No seguinte trecho do analista político de um jornal


brasileiro há uma vírgula, que costuma ser
intrometida em muitos textos, mas no caso foi para
lá de inconveniente.

"Uma coisa é certa: em qualquer crise e qualquer


tempo, quem contrapôs a teoria da 'ilha de
tranquilidade' às ameaças da 'Coisa', (vírgula
corrupta) comprou um lindo mico, como o que
subiu no ombro de George Bush."

Bush já era, mas a vírgula ainda é.

Em outro dia, do mesmo bom articulista:


"Quem não deve não teme, assim como quem não
está encenando diligências espetaculosas,
(vírgula maligna) nada tem a reclamar."

Mais uma vez, desse articulista:


"Quem produz seja lá o que for com mão de obra
aviltada, agressões ecológicas ou desleixo
sanitário, (vírgula infernal) deverá lutar por seus
negócios."

Já o psiquiatra Içami Tiba deu o seguinte título a


um livro: Quem Ama, Educa!

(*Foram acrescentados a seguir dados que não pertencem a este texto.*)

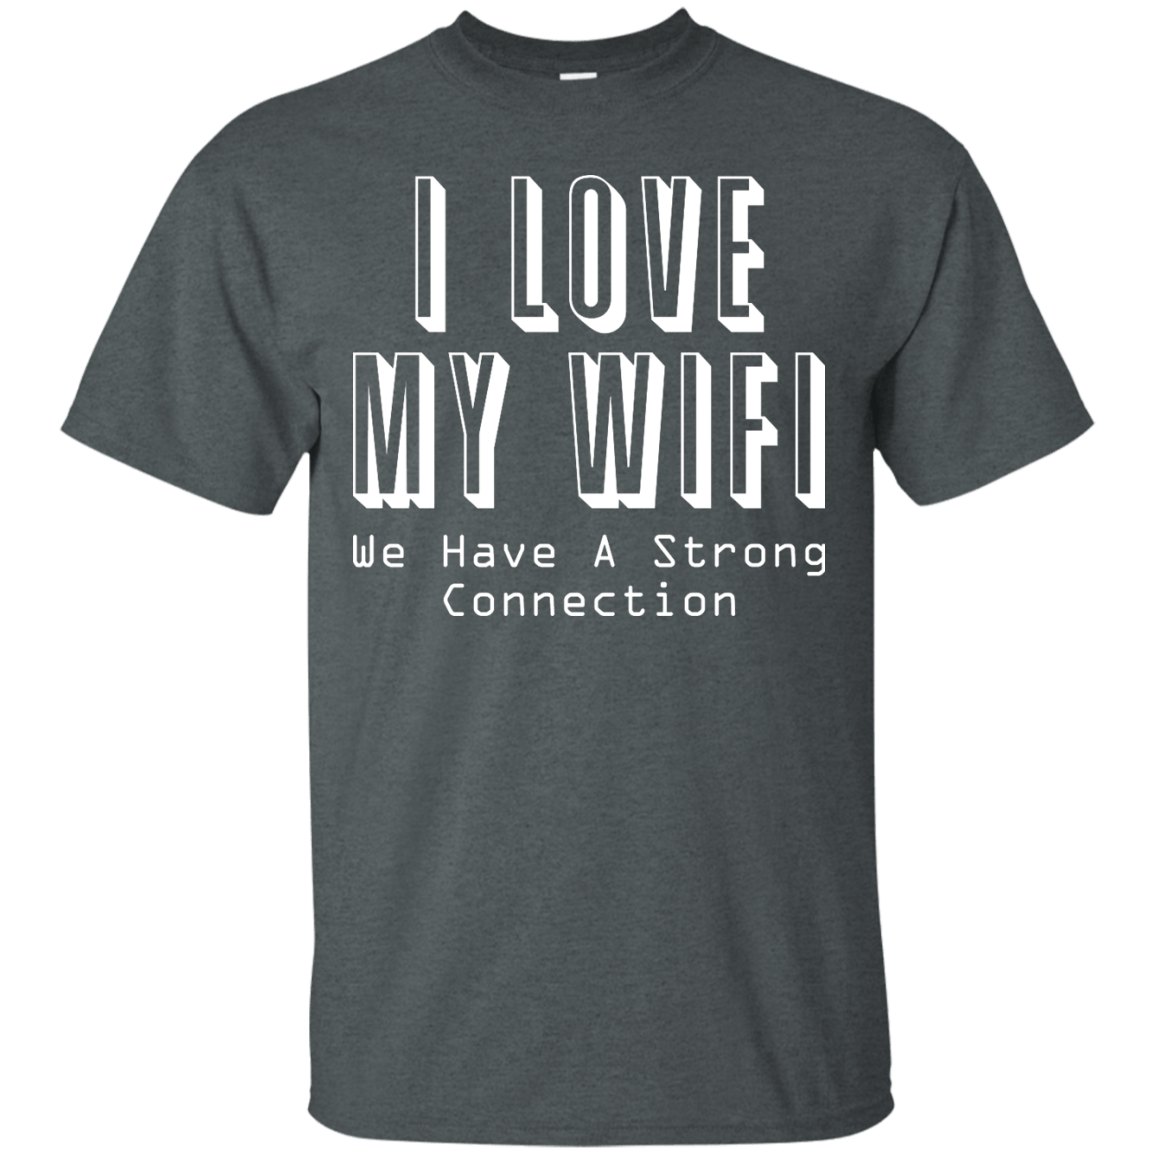 I Love My WiFi - We Have A Strong Connection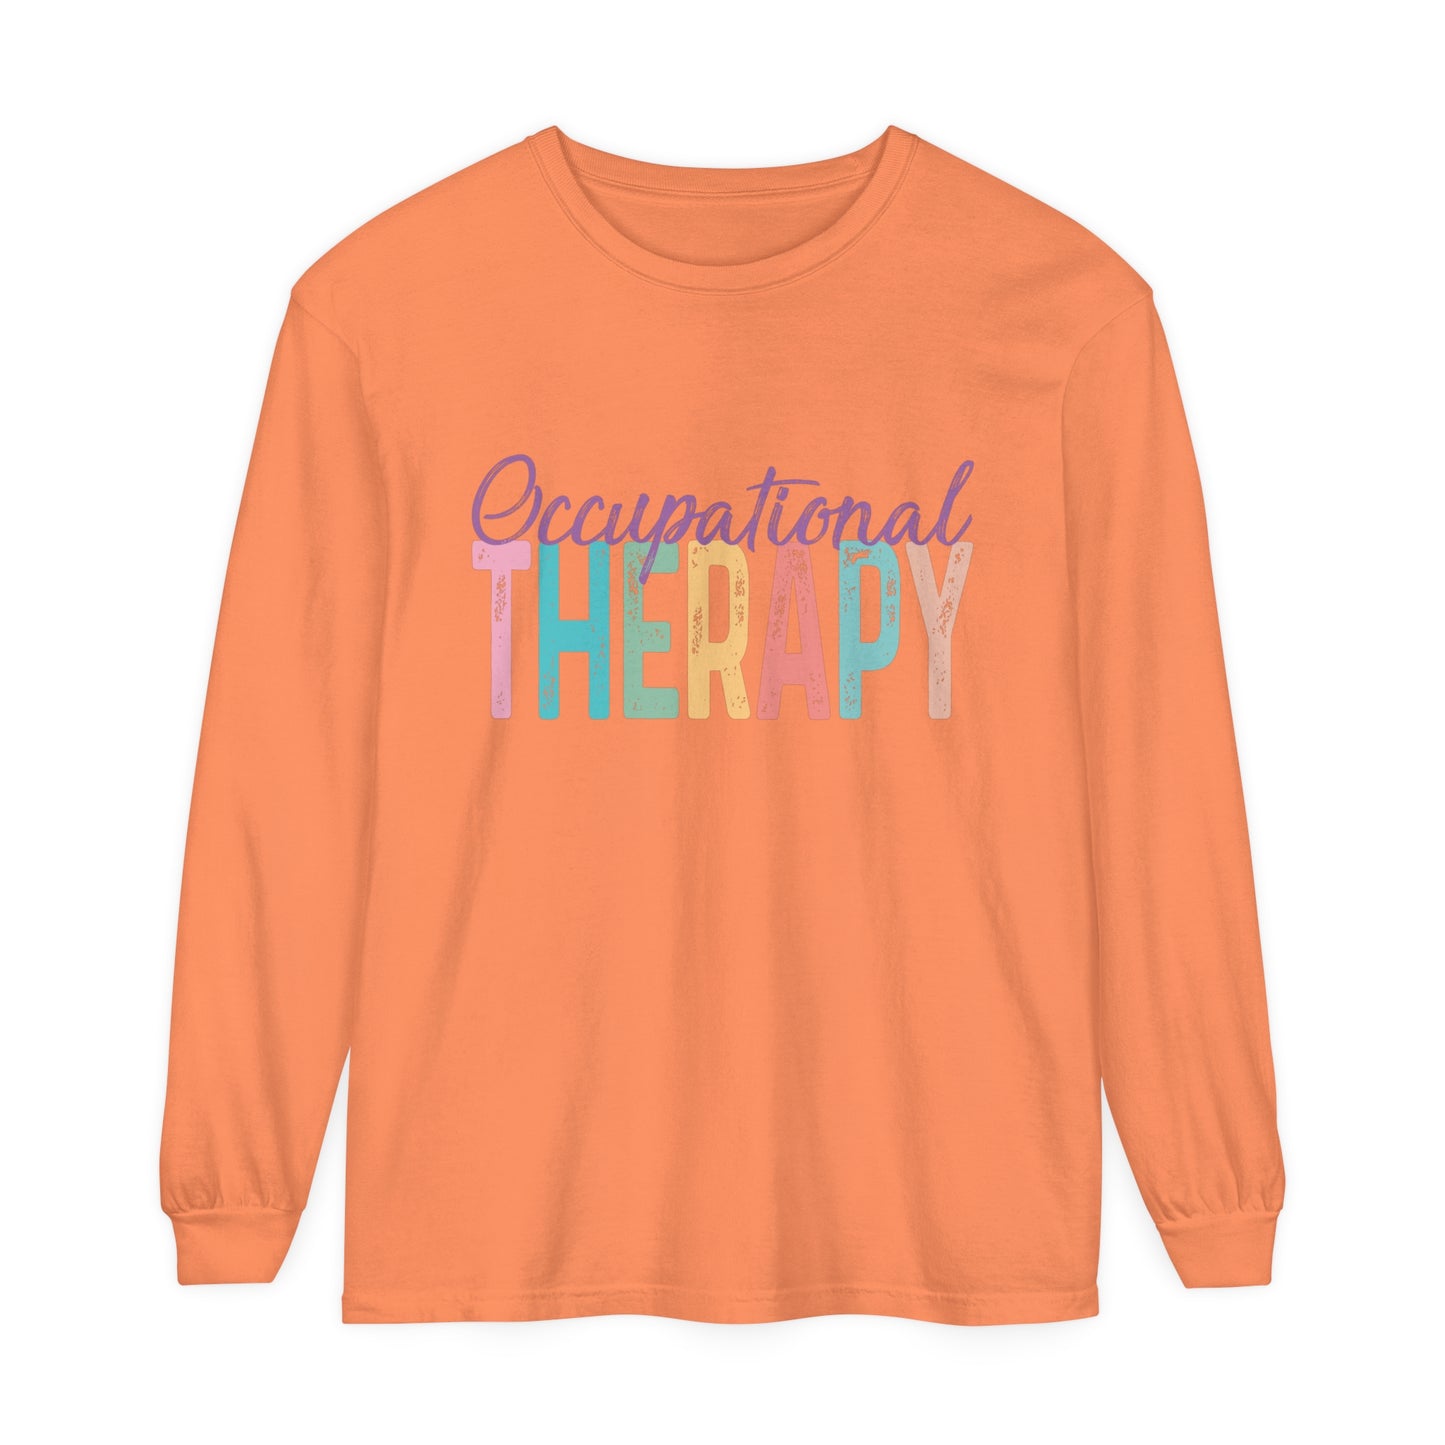 Occupational Therapy OT Long Sleeve T-Shirt

É o mesmo título de
sua coluna no Jornal da Tarde, de São Paulo.

Separações
Graciosas as frases e gracioso o título. Só que separar o sujeito ("quem contrapôs...") do predicado
("comprou...") com vírgula, na primeira frase, equivale a arrasar um casamento feliz. Não fica bem.
Quem comprou o mico buliçoso? Foi quem contrapôs a tal teoria.

Portanto, a vírgula depositada entre "Coisa" e "comprou" é absolutamente malufosa, isto é, indevida,
imprópria, adventícia, aventureira, depravada, corrupta. Separa o sujeito oracional do predicado. Na
segunda frase, do mesmo articulista, o "quem" aparece duas vezes. Na primeira, curta, ele não é
tentado pela pausa natural a virgular indevidamente (Quem não deve não teme).

Quem não teme? Quem não deve. É claro que "quem" não deve é também "quem" não teme.
Na segunda, longa, cai na tentação da pausa e desaba com a vírgula respiratória asmática ("...quem
não está encenando diligências espetaculosas, [virguleta dungosa] nada tem a reclamar.").

"Quem" não tem nada a reclamar é "quem" não está encenando diligências espetaculosas.

Quanto ao título do livro e da coluna (Quem Ama, Educa!), menos razão ainda há para a vírgula mal-
educada, porque as duas orações são pequeninas e não há pausa que justifique a vírgula.
Quem é que educa? O amoroso educador ou o papai ou a mamãe.

Suspense
O que o senhor Tiba quis foi criar uma pausa de suspense: Quem ama (tchan, tchan, tchan, tchan)
educa!
É a vírgula tchan vezes 4, como a da abertura da Quinta Sinfonia de Beethoven.
Se ele queria marcar pausa, poderia ter utilizado reticências: "Quem ama... educa!" Ou travessão:
"Quem ama - educa!" Ou uma cerca, mas nada de vírgula.

Tanto nos textos jornalísticos como no título do livro e da coluna, a vírgula malufosa tenta separar casais
indissolúveis.
Será leviandade dizer, e alguns sábios lamentarão, mas, no caso de incerteza, o melhor é omitir vírgulas
do que aplicá-las a cada ofego depois de fraseados mais longos.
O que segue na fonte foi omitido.